I am not 100% settled yet. I am evaluating Elixir and Go right now. There are things I like and don't like about both. I gave Haskell a shot but rejected it altogether --I have better things to do then stare at my monadic navel. But all those aside, I've concluded that the ultimate fallback is simply Javascript/Coffeescript --the syntax isn't as nice as Ruby, but you can't go wrong for interoperability. Oh, also [Crystal](https://github.com/manastech/crystal) looks very promising, but it's too immature as of yet.
Beyond that I've decide it's also time to step up work on my own language. Something I've always wanted to do for a while.
Haskell does indeed look not at all like a language that one "gets" right off the bat, although statically typed monadic operations are, for me, a must have now -- transitioned from Groovy, a poor man's Ruby (as far as MOP is concerned), to Scala a couple of years ago.
Crystal looks pretty interesting, statically typed Ruby with extreme type inference. Of course that begs the question, why not JRuby?
As for JS/CS, I love me some coffeescript, just a drag to debug the fat fingered typos, indentation mishaps, etc. wtf is going on moments.
A TypeScript/Coffeescript hybrid would be truly awesome.
You know what put me over the edge with Haskell? Monads were difficult enough, but one of the first things I wanted to do was randomly shuffle a list. That led me to this: http://www.haskell.org/haskellwiki/Random_shuffle. I knew right then that this was not the kind of language I was interested in.
As for JRuby, fair point, but I'd rather steer clear of Java as much as possible. I have to use Java for Android development and it makes me cry big hippo tears every day.
Obviously I've been converted to the static side, only client-side remains dynamic for me at present, and that's only because there's not yet a statically typed Coffeescript-like language available.
> Groovy, a poor man's Ruby (as far as MOP is concerned)
...and as far as its static typed mode introduced in version 2, written by only one person but bundled with the dynamic compiler as if it was part of the same software. is concerned.
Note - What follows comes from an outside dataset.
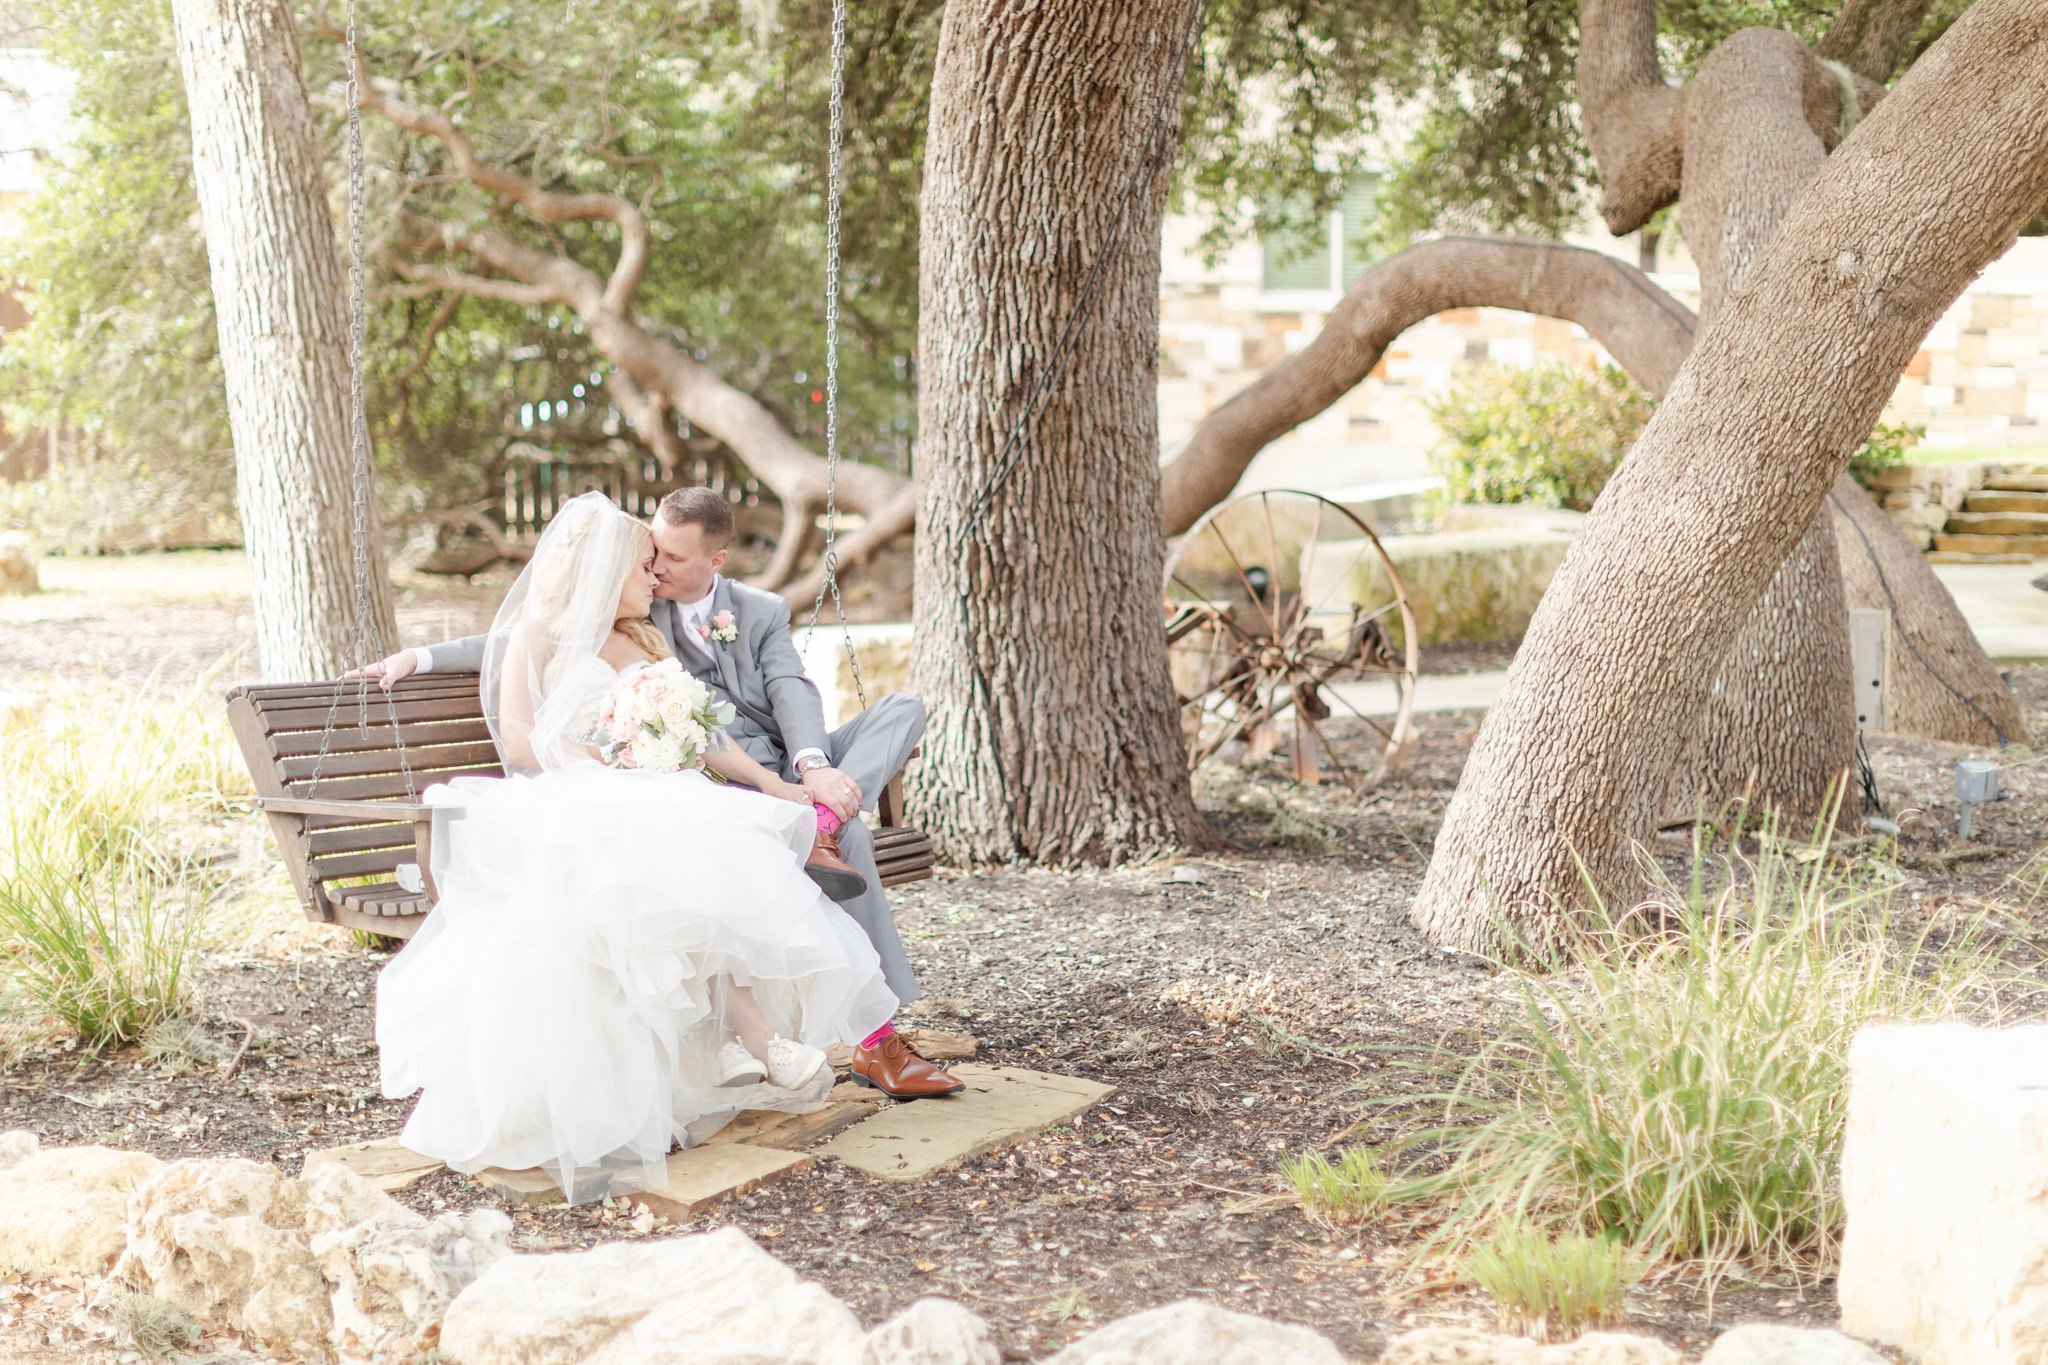 A blush and gold wedding at Hidden Falls in Spring Branch, TX by Dawn Elizabeth Studios, San Antonio Wedding Photographer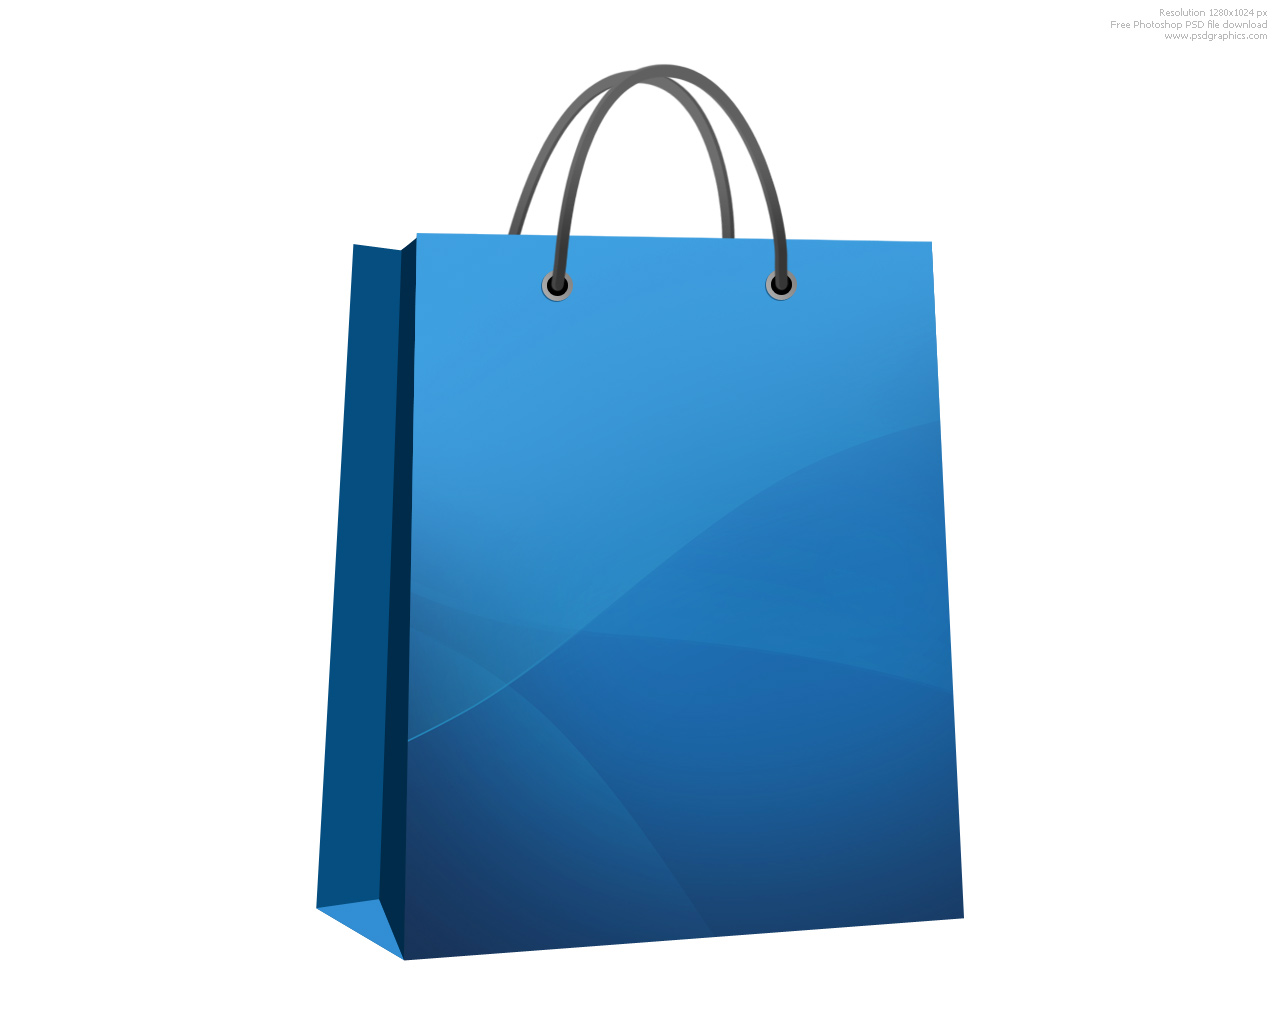 Shoppingbag HD PNG - 119995

Grales doesnt use any of it and Gradle still ships with Groovy 1.x.
...and as far as a lot of other stuff about Groovy such as its lexer/parser imlemented in Antlr 2.7, two major releases behind Antlr 4, the latest version. is concerned.
I spent the better part of 6 months in pure Groovy, getting my feet wet on the JVM, was quite enjoyable to hack around in, the syntax is nicely terse.
The lack of static typing became an issue when I spent 6 months in the underworld (aka Grails in the v1.3 days) attempting to decipher voluminous stack traces whose origins lay somewhere deep in 10 layers of Grails MOP, far from one's reach.
Anyway, I was frustrated with Grails, deeply so; one day on the Grails user group someone mentioned Scala. Had no idea what that was, checked it out, bought the stairway book, started hacking around in the REPL and was quickly sold.
Beyond that I've decide it's also time to step up work on my own language. Something I've always wanted to do for a while.